[Coco] From the "Don't actually do this department" : if your tapes are old and won't load, bake them
Gene Heskett
gheskett at shentel.net
Tue Apr 28 16:30:36 EDT 2020
On Tuesday 28 April 2020 15:15:27 John Guin wrote:
> https://arstechnica.com/science/2020/04/the-chemistry-of-why-baking-de
>graded-reel-to-reel-tapes-can-reverse-damage/
Here is another preservation method. One of the tv stations I have been
an engineer at had a cold closet that all the commercial tapes were
stored in when not pulled out and mounted in a machine for playback.

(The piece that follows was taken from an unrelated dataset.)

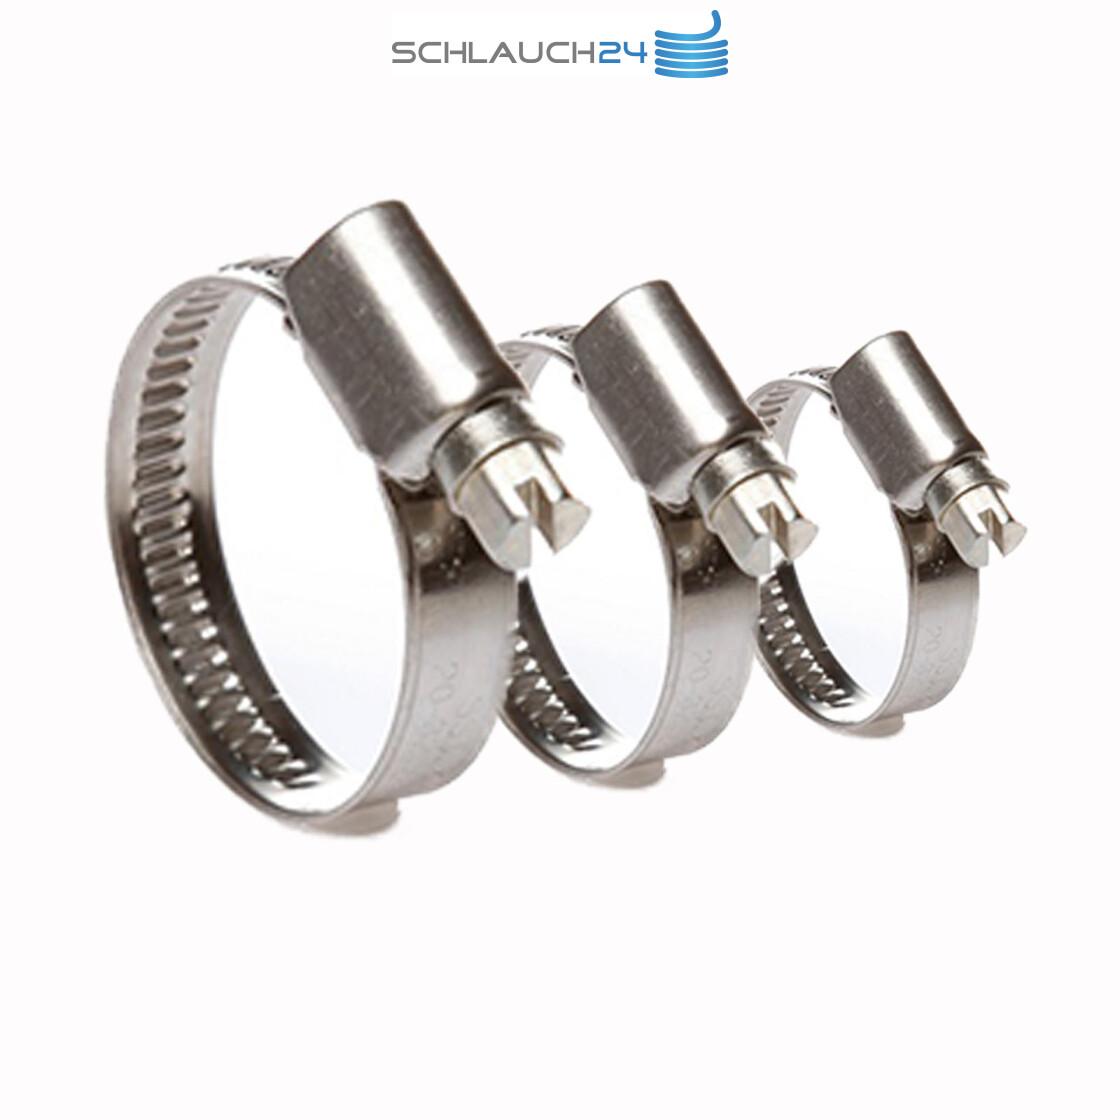 """10 Stück 35-50mm Edelstahl-Schlauchschelle 12mm W4 für 1"""" und 1 1//2"""" Schlauch"""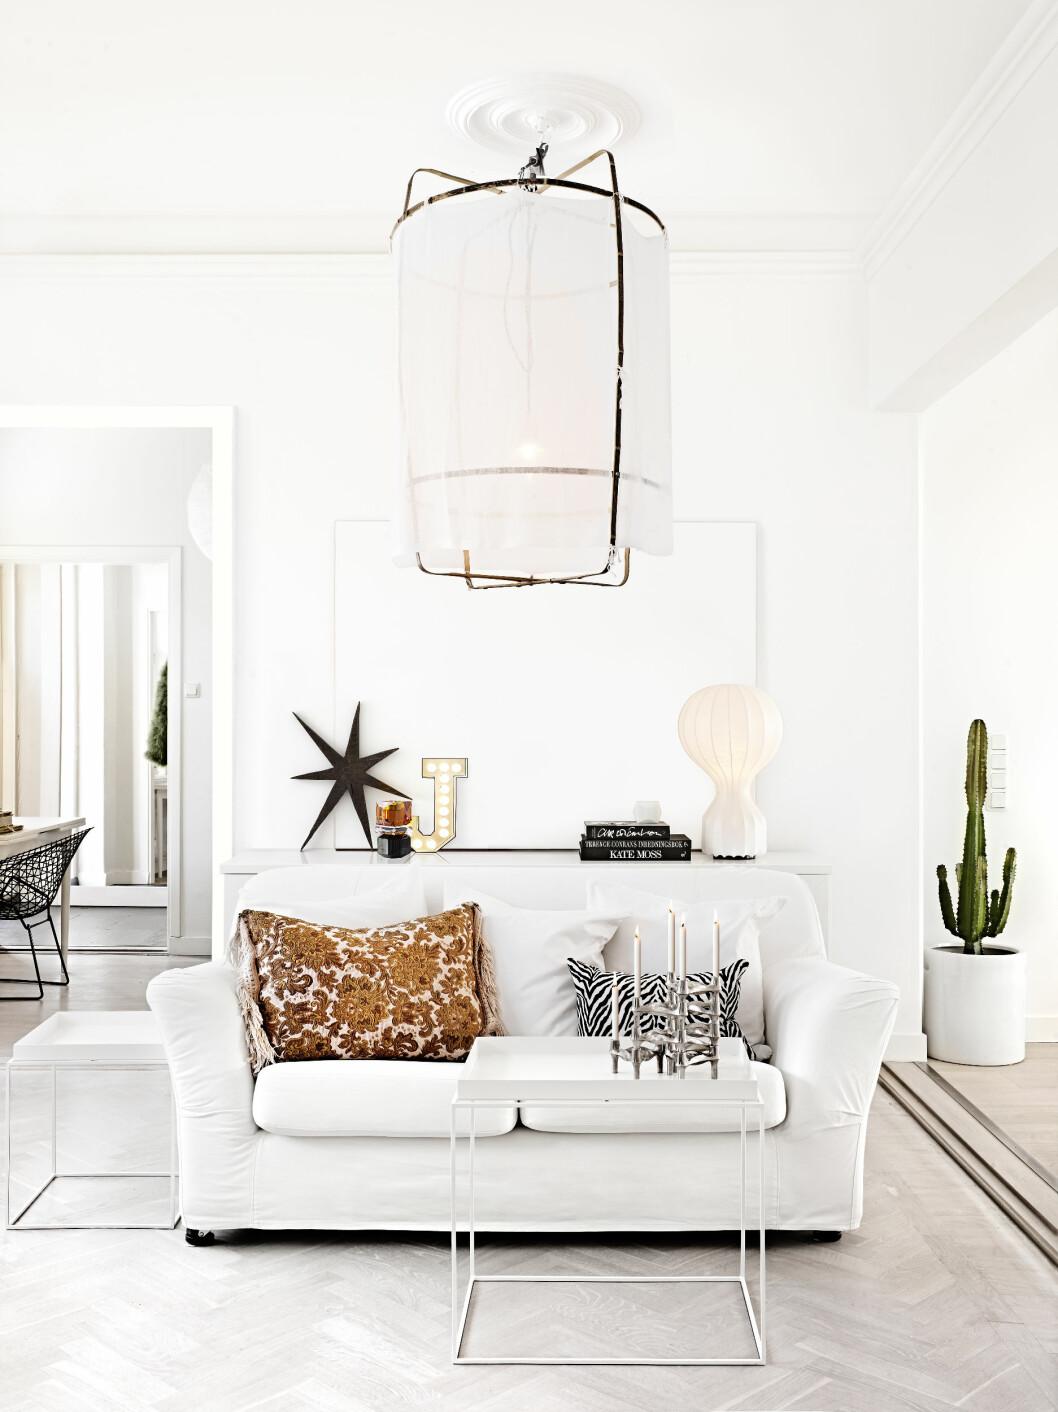 KUL STUE: Taklampen er fra Atrilleriet, sofaen er fra Ikea og putene er hjemmesydde. Lampen på sjenken bak er Gatto Lamp fra Flos.  Foto: Sara Svenningrud

This closet was on an outside wall and was well insulated, and a small AC
was mounted with its thermostat shorted out,replaced by a clock that ran
in about 45 minutes an hour, then let it thaw and drain the coils dry
maintaining this closet at around 40-45F, and the humidity was maybe
10%. Tapes came out, got played and put back in this closet. Clogged
heads on a tape machine to clean were very very rare. Head life, rated
at 1000 hours on those machines, often exceeded 10,000 hours. Cold, dry
tape is quite simply not abrasive. Warm, wet tape, stored in 75+%
humidity is many times more abrasive, eating tape heads in 500 hours or
less.
Many years before I was at an ETV station in Nebraska where I learned
that that the ETV Commission maintained a delay site with similar
conditions for 3 2" quadruplex videotape machines. Room held at about
60F, and low humidity by a precipitron equipt HVAC system. An hour long
roll of tape went in that room, no smokeing, food, or drink allowed, and
was put on the machine and not removed until the rewinding damage had
shortened it to where it wasn't an hour long anymore. Heads were cleaned
about once a week. Since it was a clean room. heads were 750 hour rated
soft not the more expensive ferrite. Several years went by, and one day
a rotary transformer in one of the heads failed. Noting the hours on it,
that 750 hour head had 9300 hours on it. Returned to the rebuilder, who
fixed the transformer but didn't rebuild the head, its was returned and
put back into service, finally failing at just over 11,000 hours.
pretty good for a 750 hour rated head. That head probably wore out 3 or
4 rolls of tape.
The difference? Environment. But try selling that to the average GM.
Very hard sell.
Cheers, Gene Heskett
--
"There are four boxes to be used in defense of liberty:
soap, ballot, jury, and ammo. Please use in that order."
-Ed Howdershelt (Author)
If we desire respect for the law, we must first make the law respectable.